What you should do -
Look through the entries below for the line with "Dark Green pen with ergonomic grip" and the line with "Global courier networks", then give again exactly those two lines and all lines between them, minus the pictures.

The input -
--- --- ---

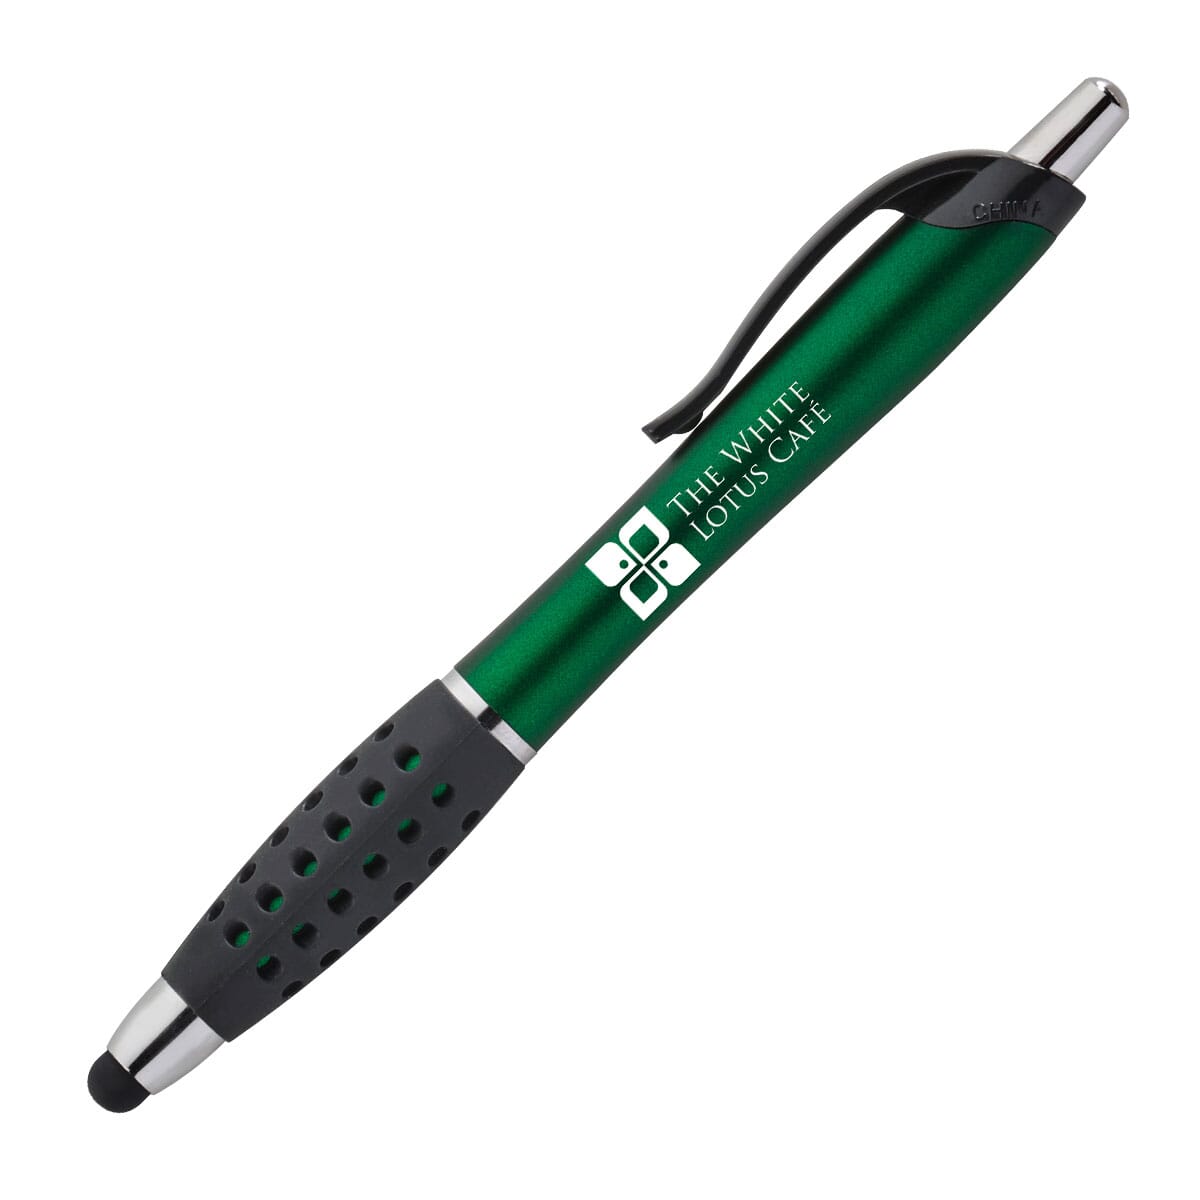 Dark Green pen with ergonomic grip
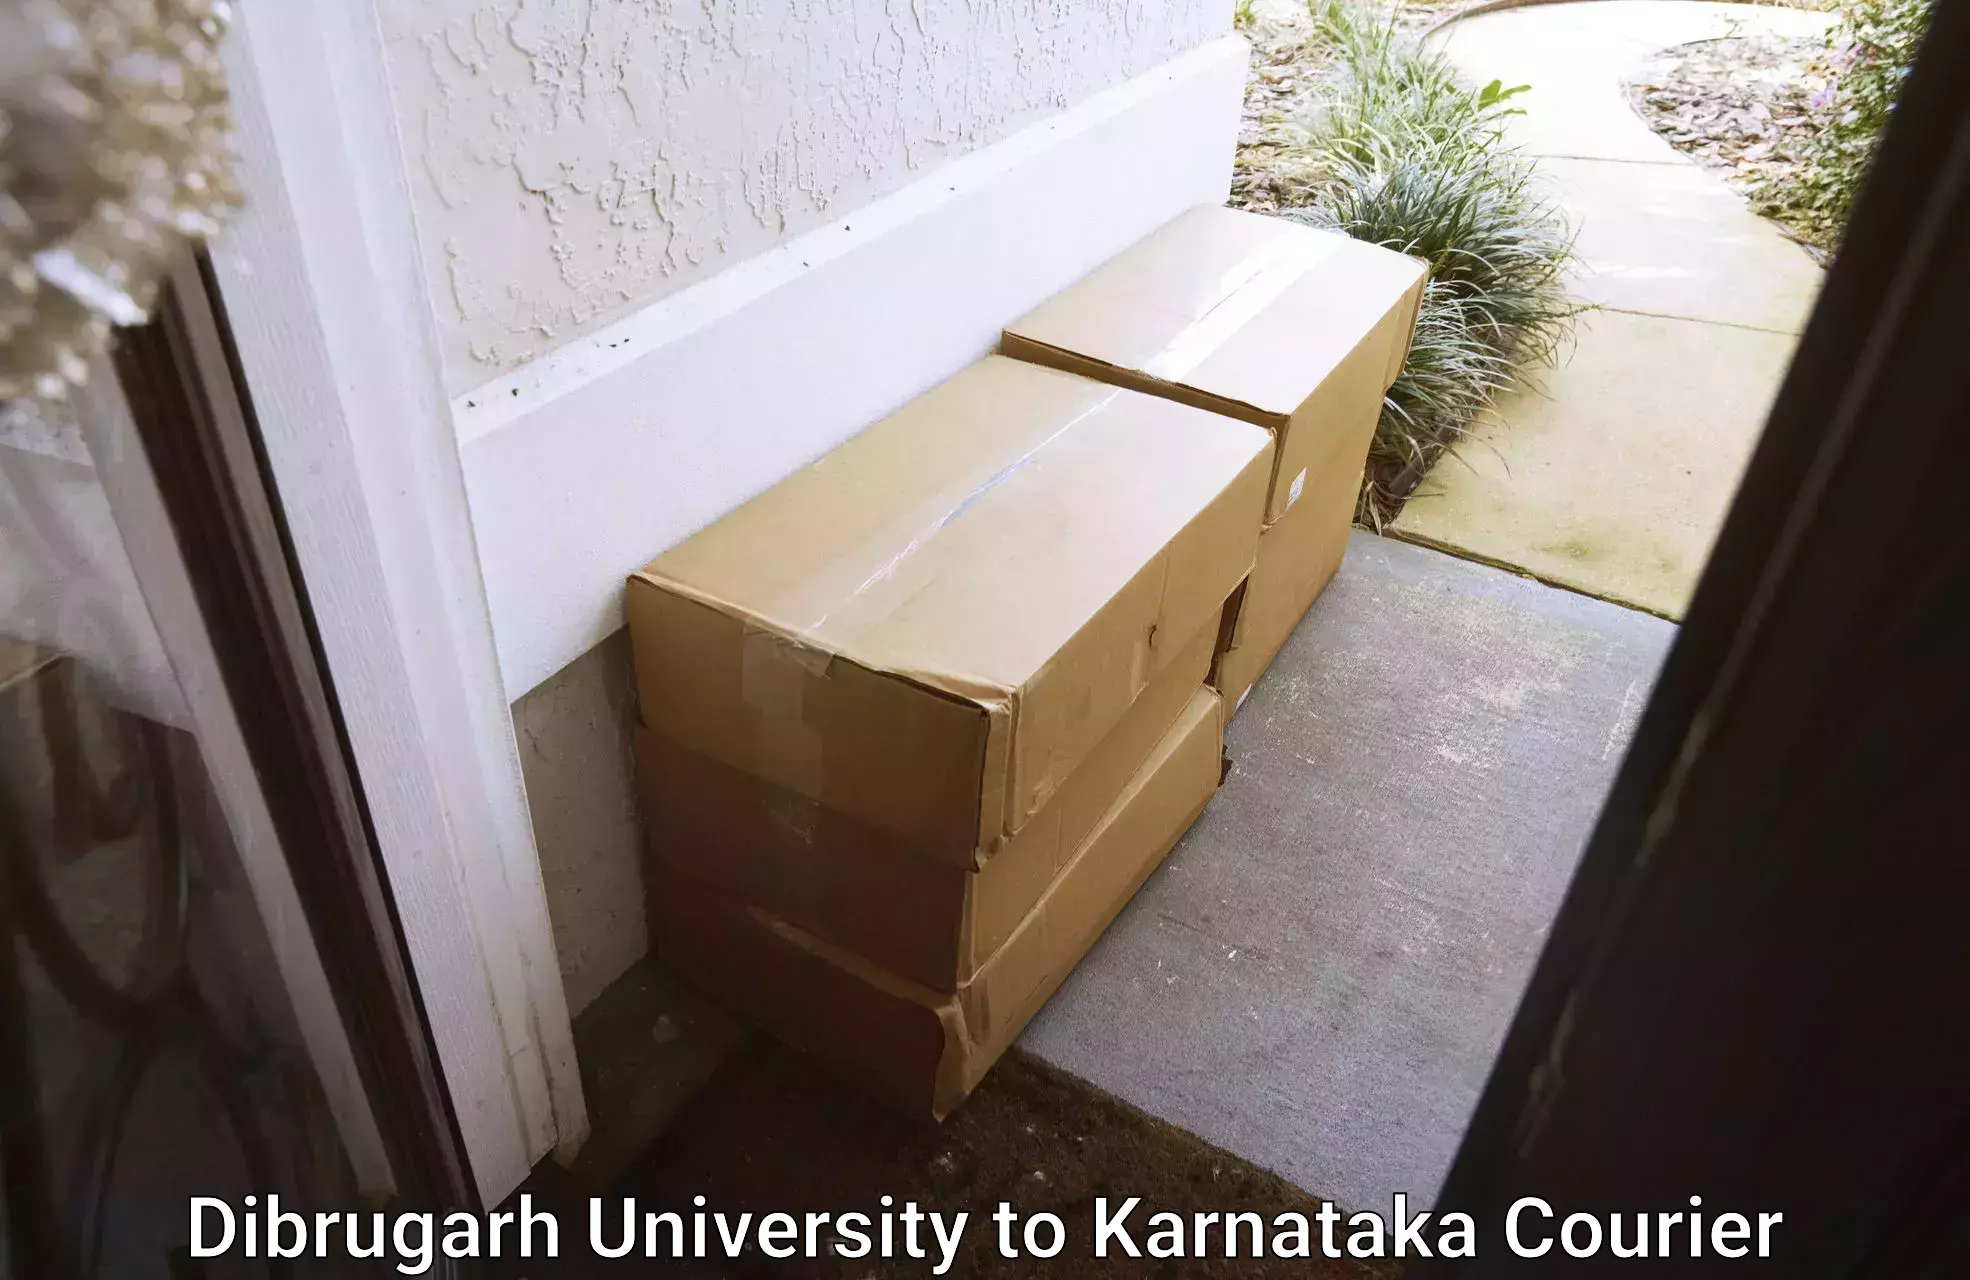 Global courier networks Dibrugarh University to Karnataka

--- --- ---

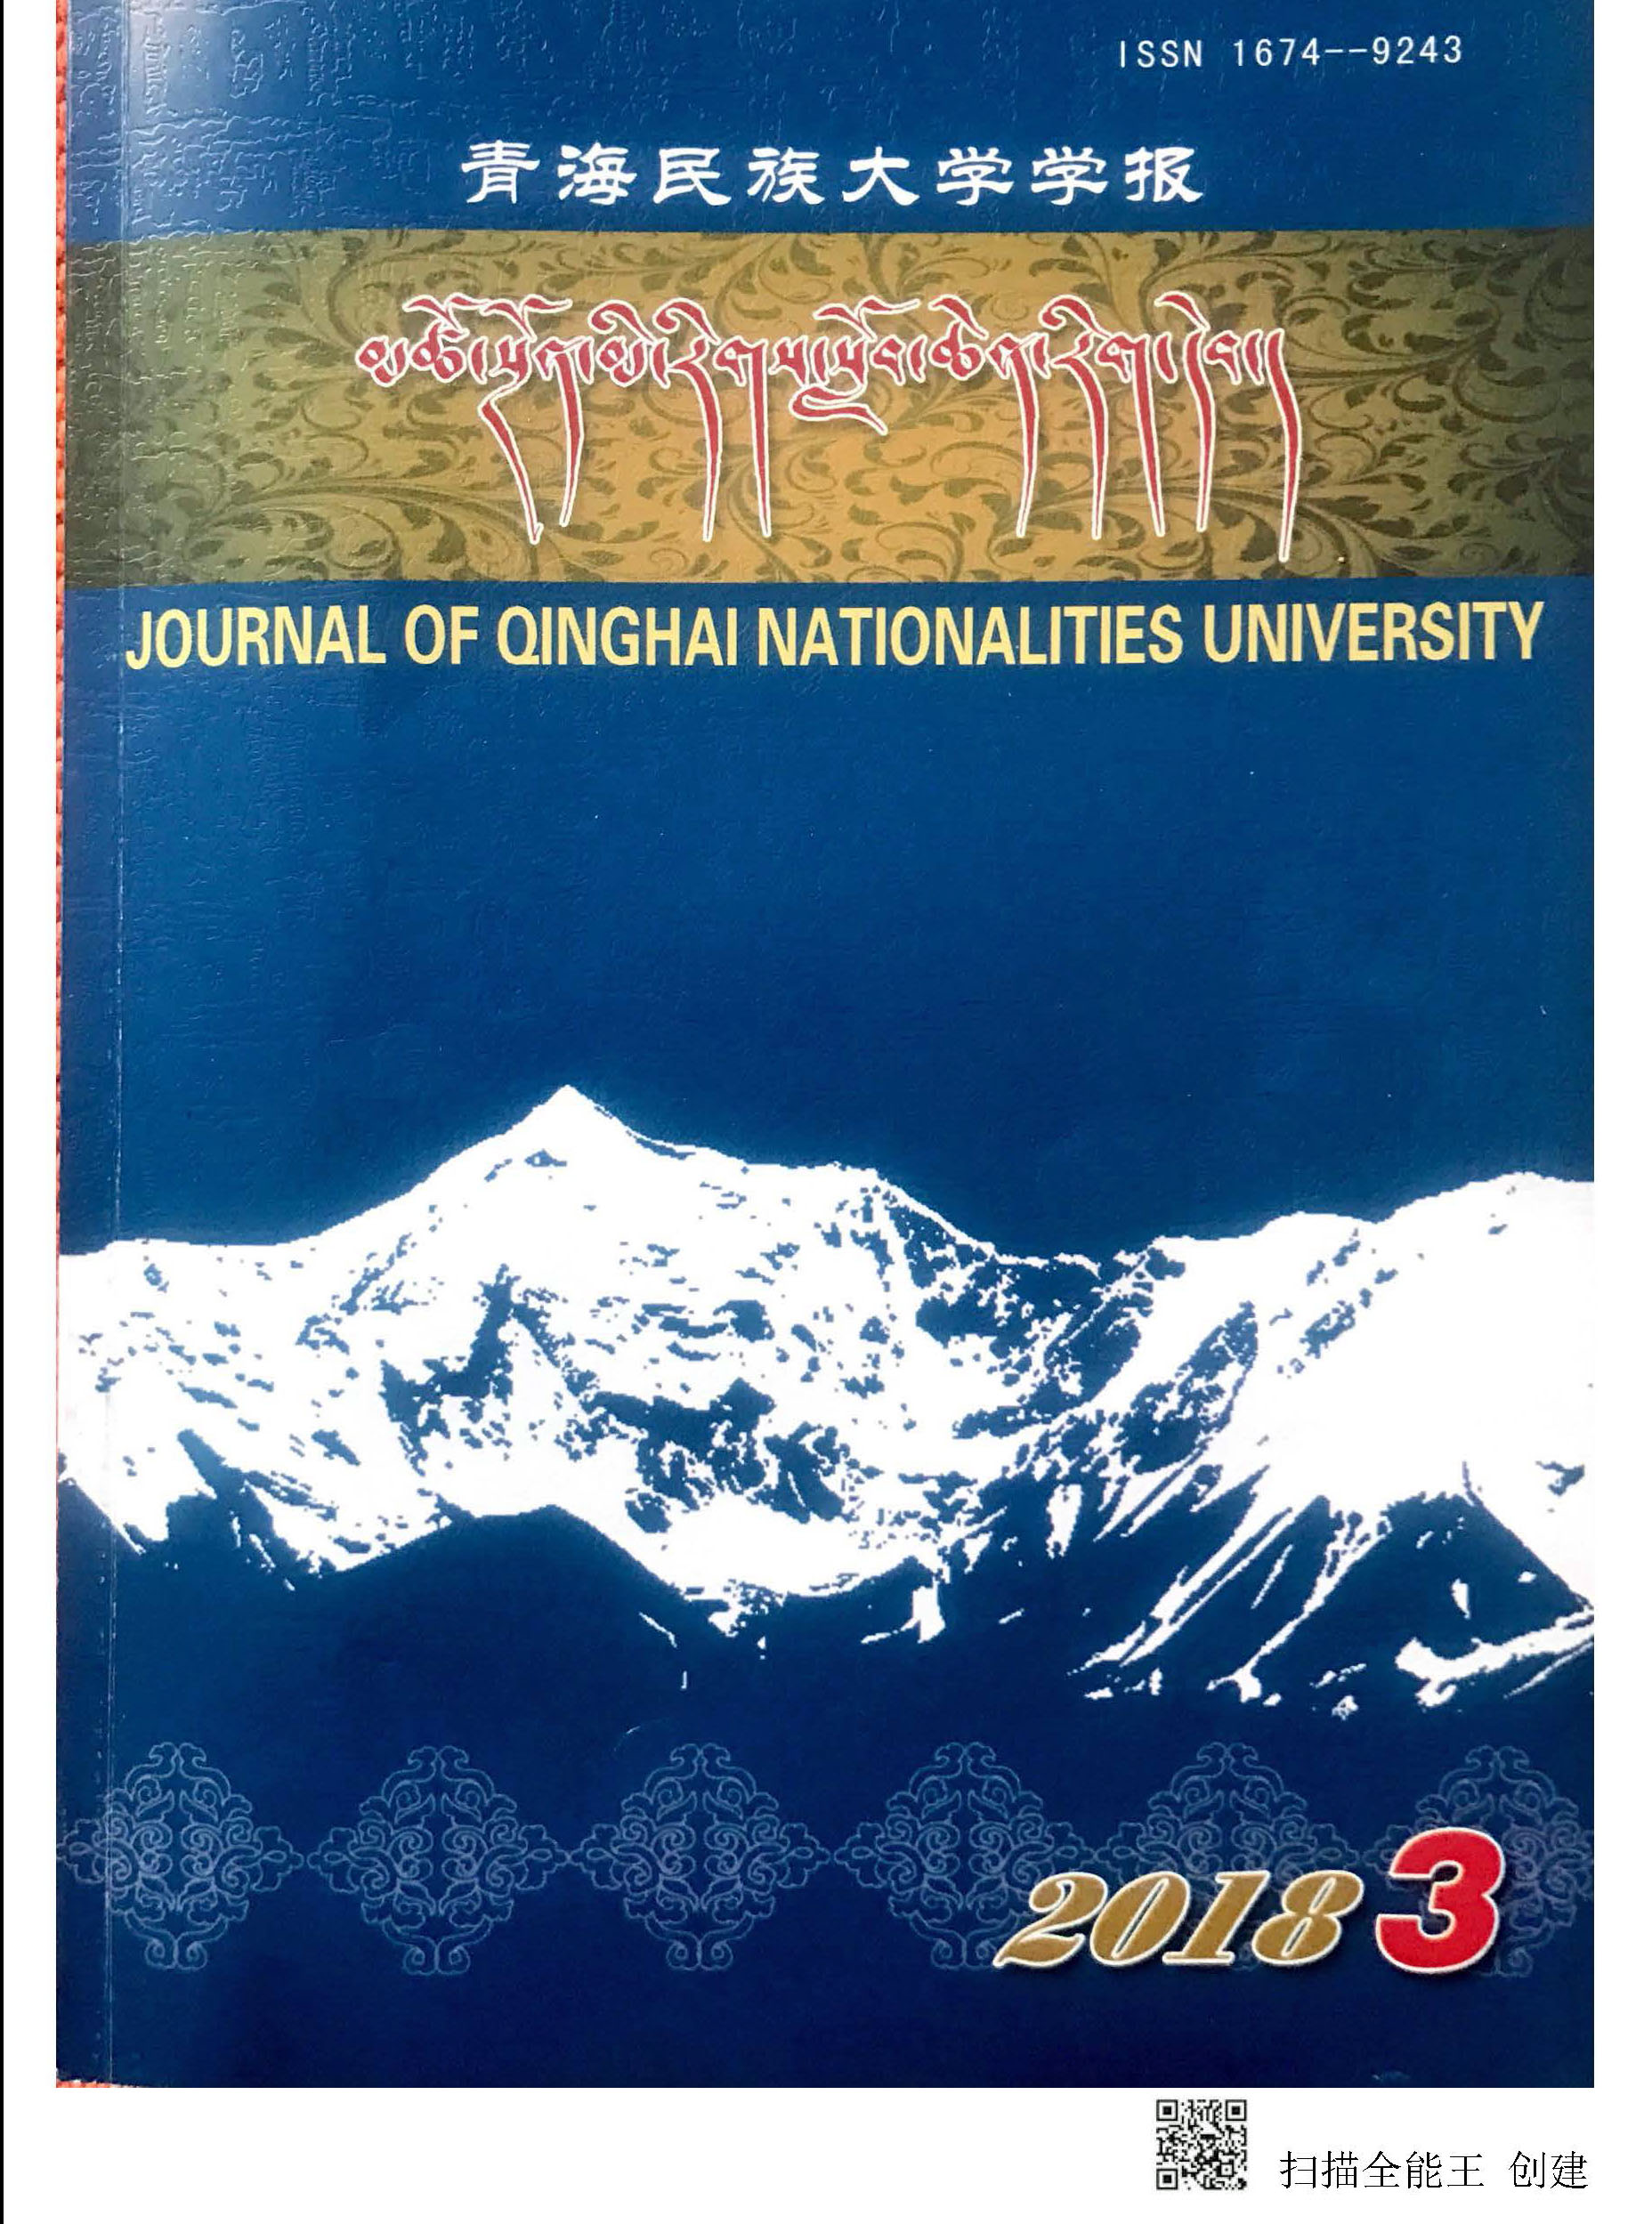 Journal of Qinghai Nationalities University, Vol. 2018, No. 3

--- --- ---

Result for this task -
 Dark Green pen with ergonomic grip
 Global courier networks Dibrugarh University to Karnataka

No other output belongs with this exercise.